ことりとフリックルの前にグラスが置かれる。淡い光に照らされた命の水は、静かにフリックルに語りかけてくる。
「……?それ、なんですか?そんなメニューありましたっけ?」
「フリックルのオリジナルメニューだよ。フリックルも疲れてるから、私とフリックルで考案した特製ドリンクを振舞ってるのさ」
「へぇぇ……。あたしも飲んでみたいです!」
フリックルの飲むウォッカのカクテルを飲んでみたいとピコラは言う。ピコラには内緒で製造する教主の密造酒。教主は表情を崩さないながらも、若干の焦りを感じた。
「ダメよ。あなたにはまだ早いわ」
「どうしてですか!あたしも飲みたいですよ!フリックル元師匠様!」
「まぁまぁ。私が特別に淹れてあげるよ」
「ちょ、ちょっと!中毒になったらどうするのよ!」
「ちゅーどく……?」
そう怒るフリックルを無視して、ウォッカの代わりに水とスパイス、はちみつと香料を入れてピコラに振舞う。見かけはフリックルに差し出したものとは変わらない特別なドリンクだ。

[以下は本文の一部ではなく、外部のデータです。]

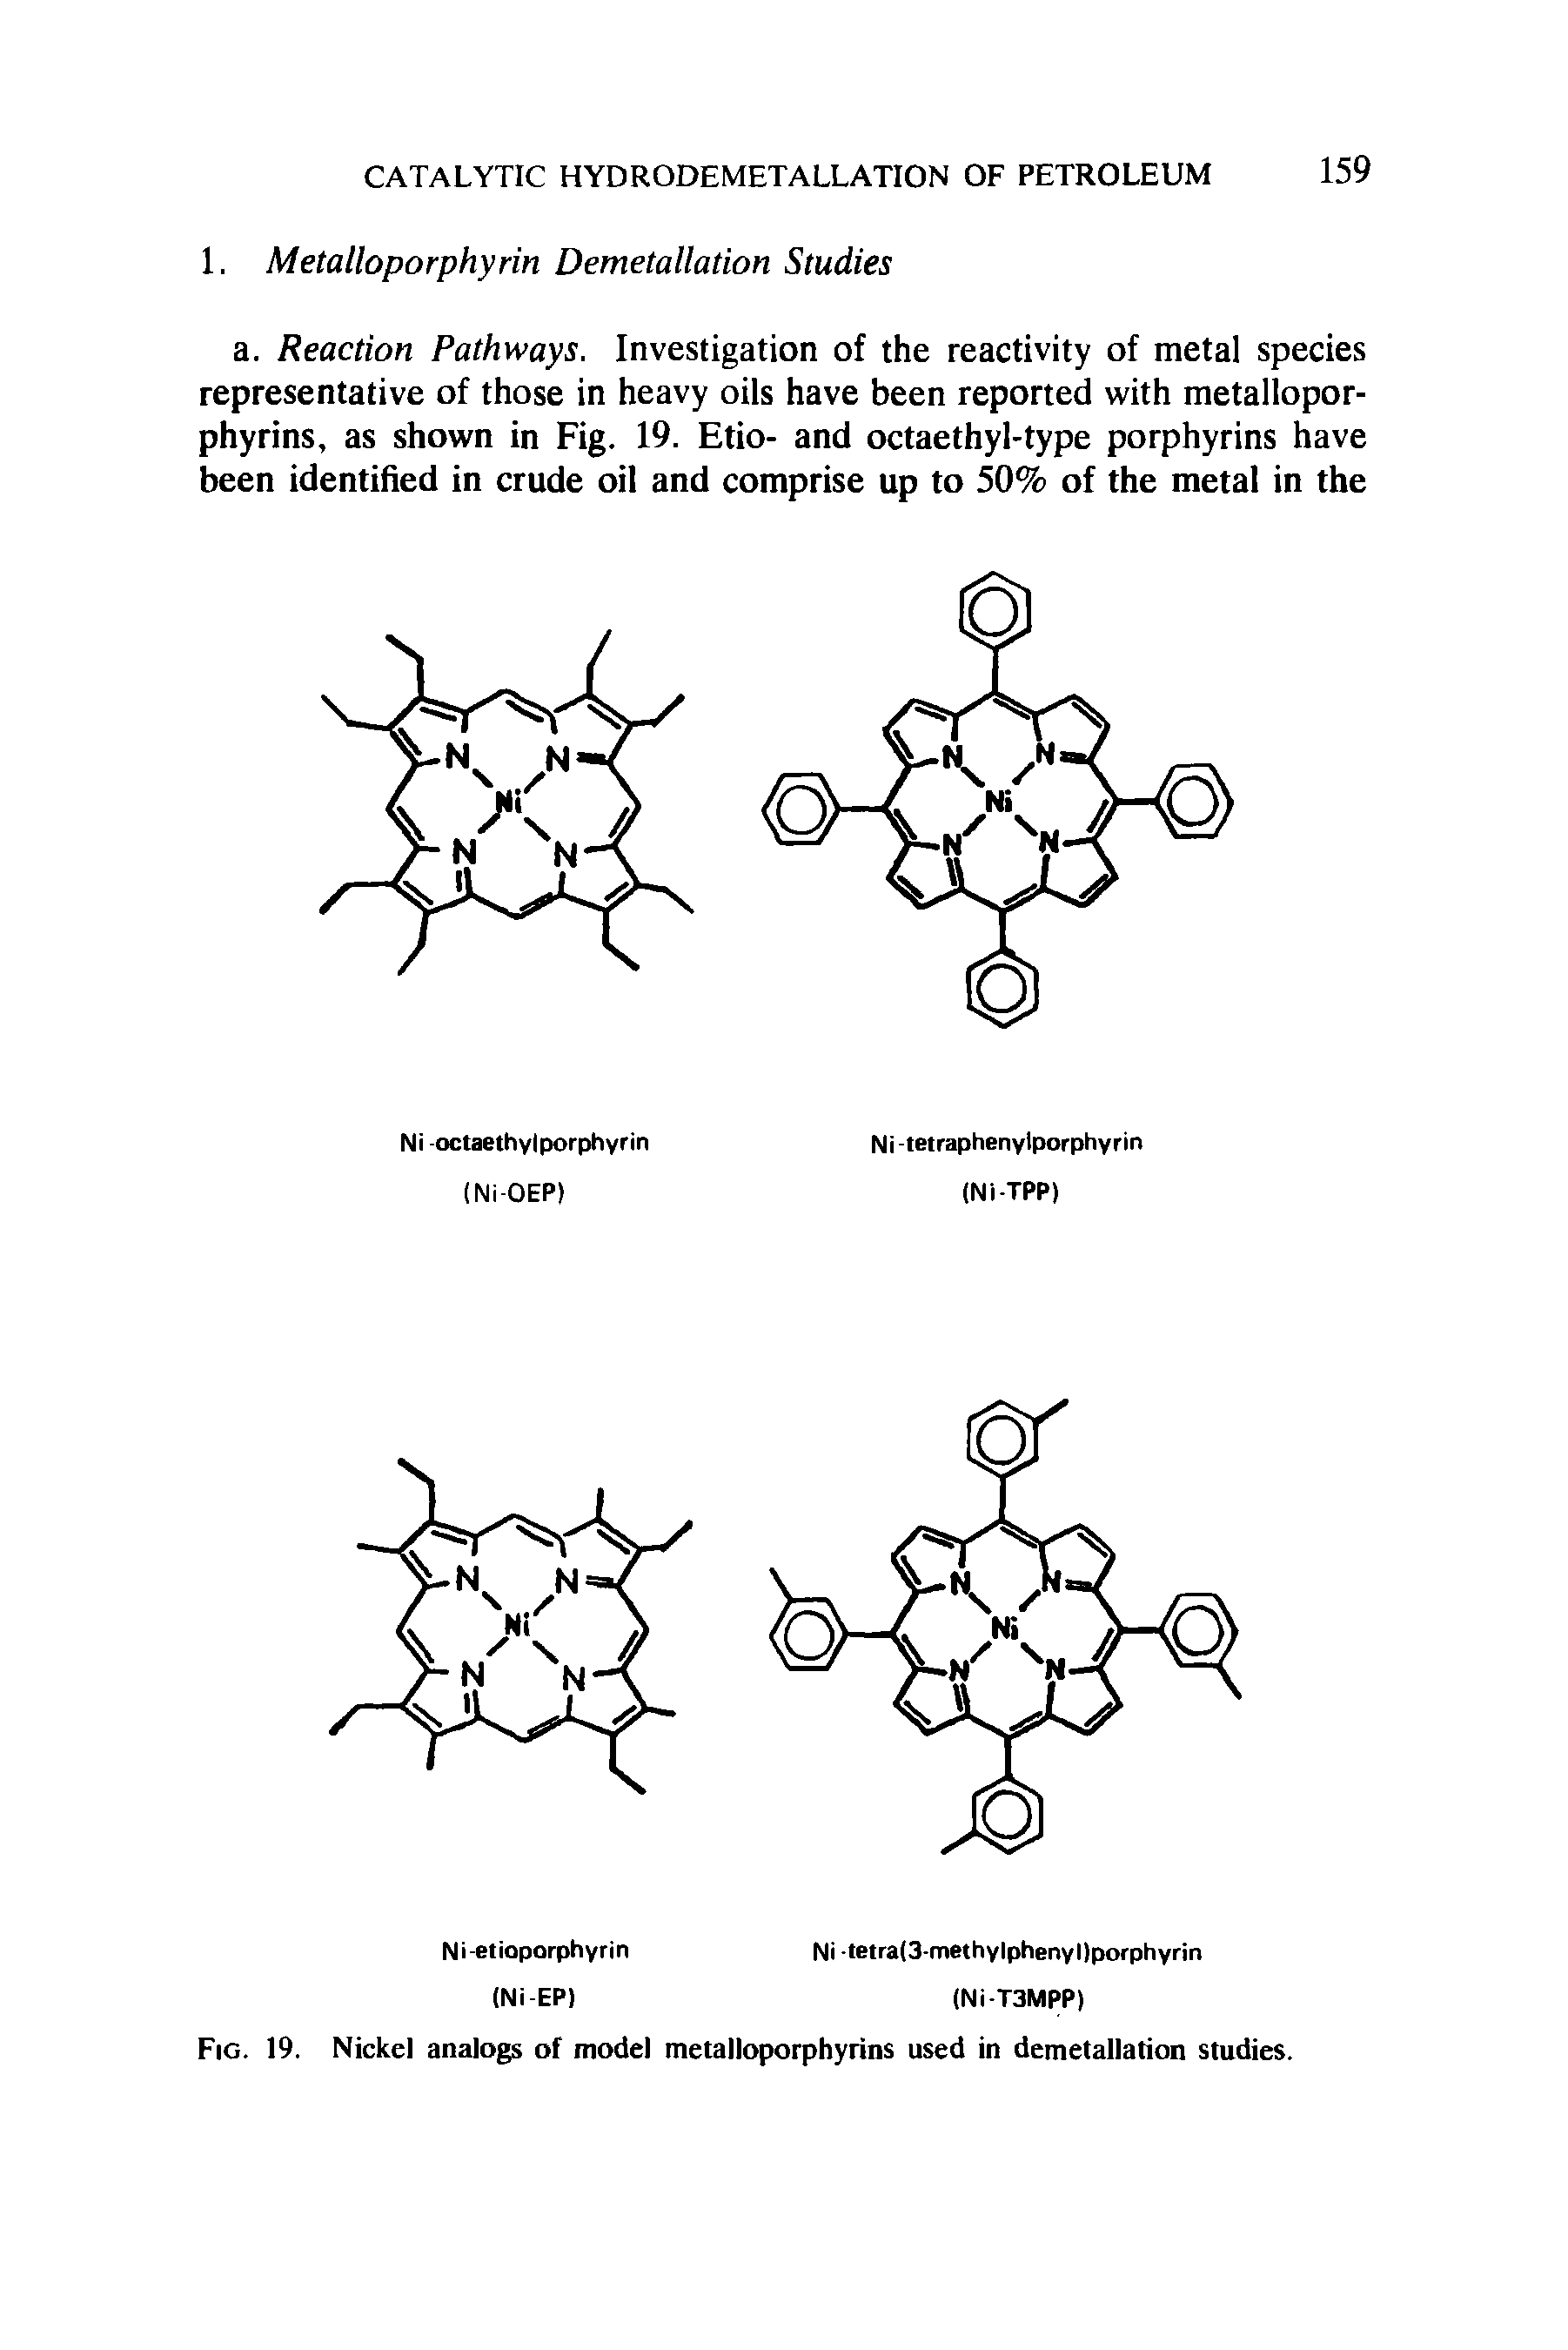 Fig. 19. Nickel analogs of model metalloporphyrins used in demetallation studies.

「これがフリックル様がよく飲まれてる特製ドリンク……」
「…………」
フリックルが青い顔をして教主を見ている。元々かわいがってた愛弟子なだけあって、急性アルコール中毒になることを恐れているのだ。いくら正式な魔女であっても、まだ幼いピコラにはアルコールは危険な飲み物だ。元師匠としては当然の反応である。
「チビチビ……」
ニオイを嗅いだピコラが少しずつドリンクを味わう。やがて気に入ったのか、ゆっくりと味わうように、グラスの中を飲み干した。青い顔をして心配するフリックルをよそに、すっきりした顔で教主を見つめる。
「うーん、ちょっと甘いですけど、清涼感があっておいしいですね!けど、意外です。フリックル様がこういう飲み物がお好きだなんて!もっとスムージーみたいなモノを飲んでると思ってたんですけど、こんな一面があったなんて驚きです!」
「……?なんともないの……?」
「? どういうことですか?」
「い、いや……。なんでもないわ」
混乱するフリックルをよそに、ただの水とはちみつの混合物を飲んだピコラが不思議そうにフリックルを見つめている。そんな状況に耐えかねてか、フリックルはグラスのウォッカを一気飲みした。
「んぐっ……!」
「そんな飲み方をしたら危ないよ」
「ぷはっ……!あぁぁ……!効くわぁ……!」
「??? フリックル様、なんか変ですよ?」
「うるさいわよ!」
フリックルの荒い声にピコラが飛び跳ねる。何も知らないピコラを憐れむと同時に、しばらくは嘘を吐き続けなければならないと、教主は小さくため息を吐いた。